Spencer Tan, executive chef at Brigham Young University at Hawaii, has traveled extensively, learning the culinary ways of Europe and Asia, as well as Polynesian cooking. Originally from Malaysia, Tan earned a bachelor's degree at BYU-Hawaii. He was cooking at Salt Lake Community College in Utah when his alma mater called. Now back in Hawaii, Tan is using his well-versed culinary background to get the students and staff at BYU-Hawaii to eat healthy. Seafood cooked with local flavors and ingredients is playing a big part in achieving that goal.
"Our mission statement is to provide our customers with the most nutritional meal-in every bite-by infusing rich antioxidant fresh herbs and spices in all our cooking. Antioxidants lower cholesterol. I use olive oil and limit the use of butter. Margarine should not even be in the kitchen, anybody's kitchen. Butter is at least natural, from a cow. They put chemicals in margarine for a longer shelf life, but it's not good for our bodies.
I have a garden in the kitchen. We grow herbs, spices and vegetables to complement our food. We use a lot of fresh herbs like thyme, Cuban oregano, Chinese parsley and dill. We use ginger, garlic and green onions; these all have antioxidant powers. We infuse these fresh ingredients into our food for flavor, but also for good health.
I make a Hawaiian ti leaf sandwich with mahi mahi by cooking garlic in oil, then put the mahi mahi over a ti leaf, add caramelized onions, then cover the mahi mahi with another ti leaf. We sear it on both sides, then bake it off with a little coconut milk.
Polynesian cooking is a combination of island and mainland foods. We have a ginger poached striped marlin that has very little oil and is very healthy. Using coconut milk is an island tradition.

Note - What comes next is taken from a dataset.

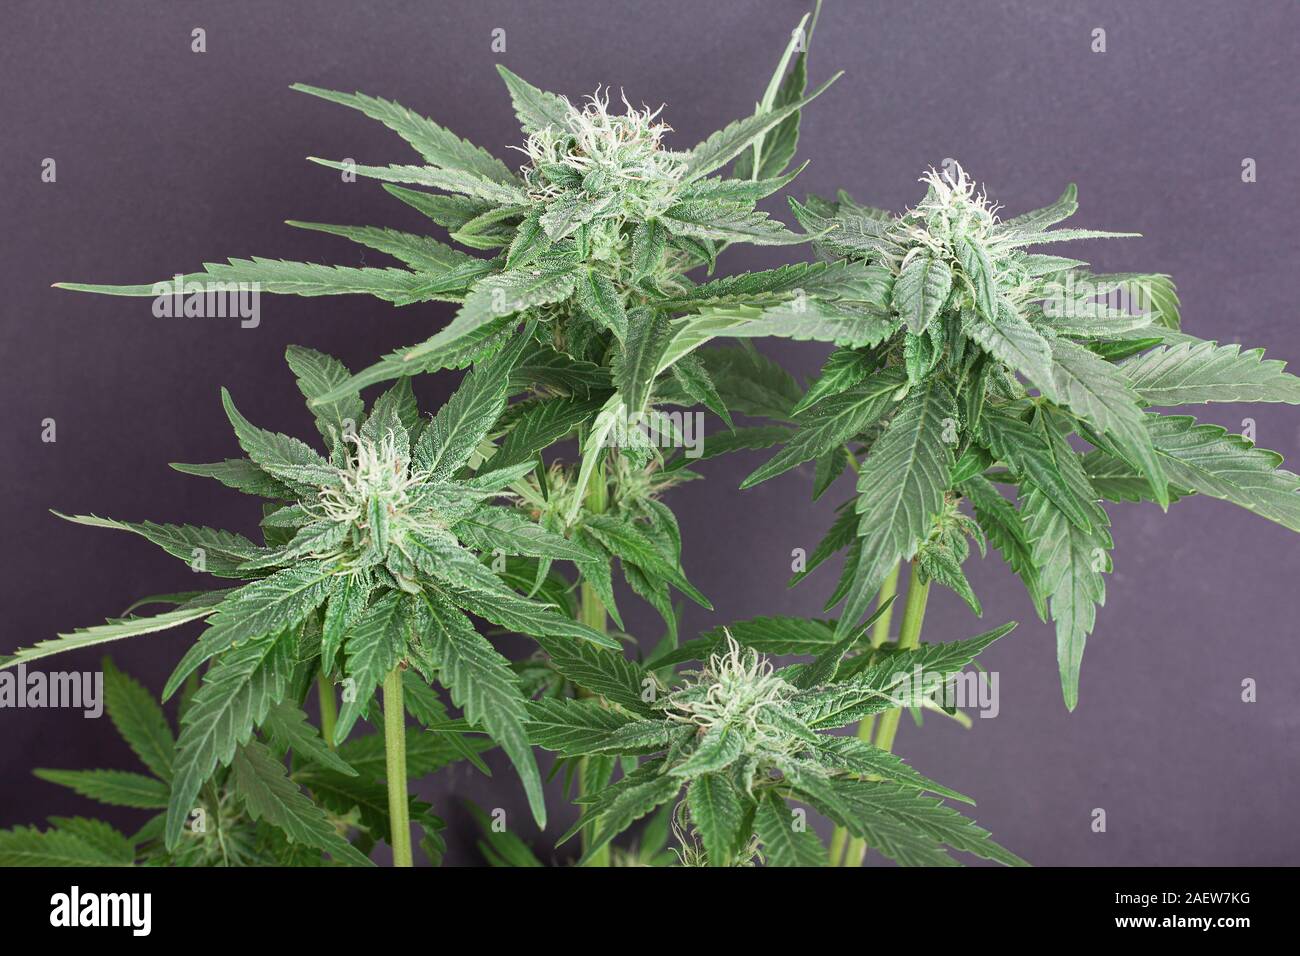 Boccioli di fiore di marijuana medica su sfondo grigio. ..La cannabis fiori ricoperti di tricomi bianco e i capelli... Foto Stock

Another healthy and popular dish is mahi mahi with maurine sauce; it's light, not creamy. First I brown the garlic, then add the fish with lemon juice, Worcestershire sauce, salt and pepper. It's not overpowering, so it retains the flavor of the fish.
We also make a lemon pepper macadamia nut encrusted mahi mahi. That's island cooking, using macadamia nuts, ti leaf and coconut milk.

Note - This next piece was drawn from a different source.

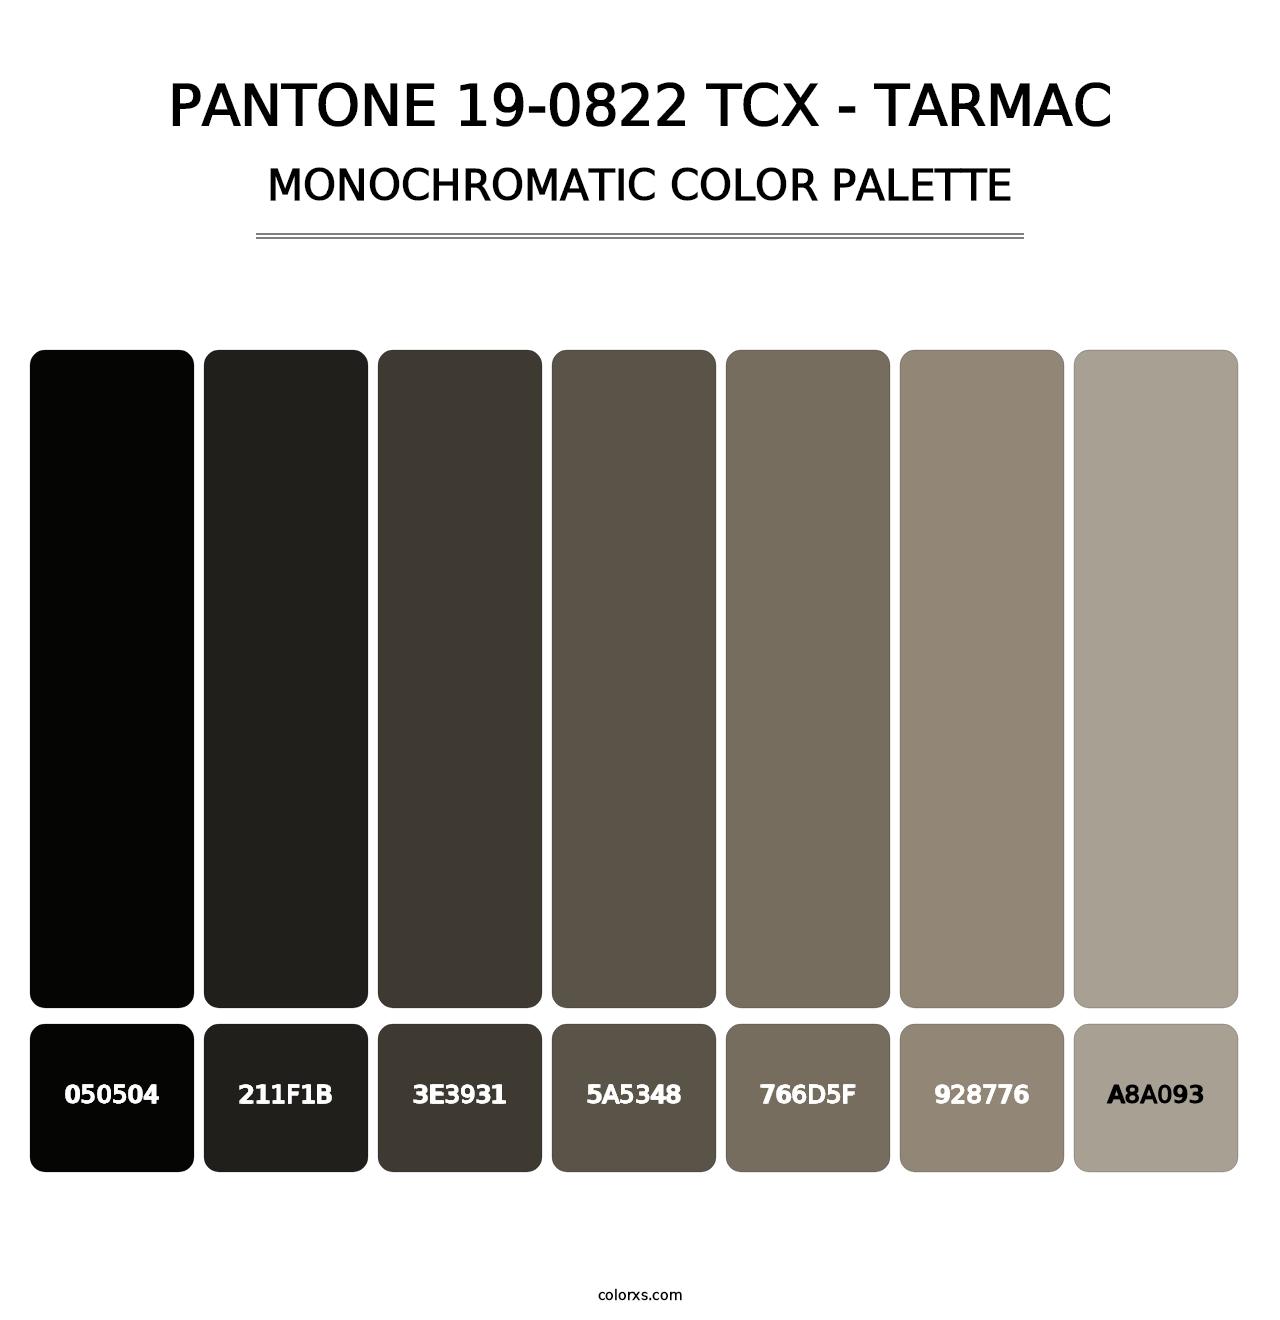 PANTONE 19-0822 TCX - Tarmac - Monochromatic Color Palette

Also very popular here is a dish called poke. It's yellowfin or ahi tuna that's marinated, not cooked. The marinade has aloha purple soy sauce, sesame oil and a little mirin, which is a Japanese wine. Then we add local spices from my garden like Chinese parsley, fresh ginger and pressed dill, salt and pepper. Then we add sea asparagus, which is a weed that grows in water. It can be used as a garnish, but you can also marinate it and eat it. We let it all marinate for about two hours, then just pour it on a plate. It's simple, local, traditional, healthy, delicious and beautiful-only in Hawaii.

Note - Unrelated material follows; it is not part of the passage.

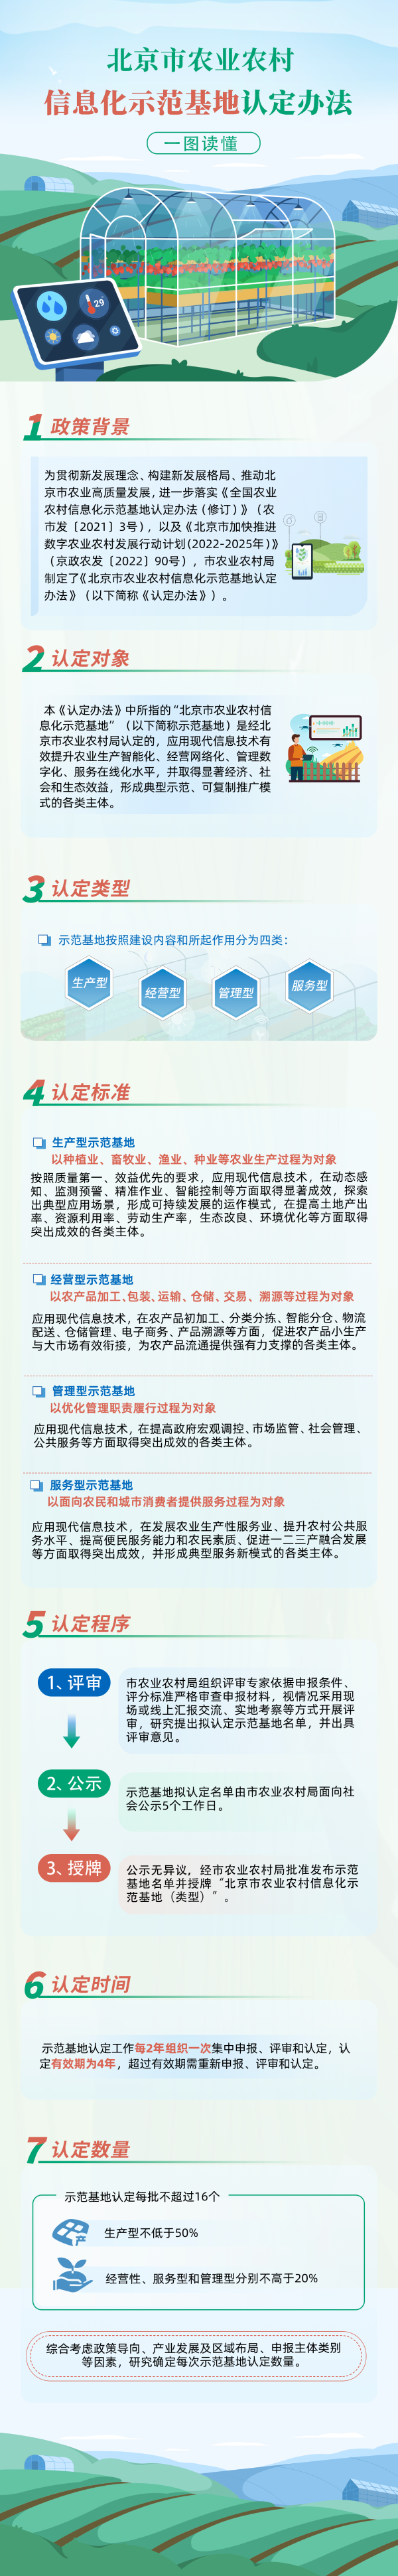 《北京市农业农村信息化示范基地认定办法》的副本

I always enjoy cooking; it's an adventure every day. When I see all the snow you guys are shoveling, I say, ‘Good for you! Come to Oahu, the north shore; we eat well here.'"
(Editor's note: For the uninitiated, the ti plant (cordyline fruticosa or ki in Hawaiian) is a mainstay of Hawaiian life and cooking. In Hawaiian culture, the ti plant is believed to have powers as a protection against psychic evil. It was often used as a ceremonial symbol of "The Law" standing firm in the face of evil. Leaves would be rubbed or slapped against people or homes to purify them. It grows wild on the islands and is planted in many residents' yards, as well.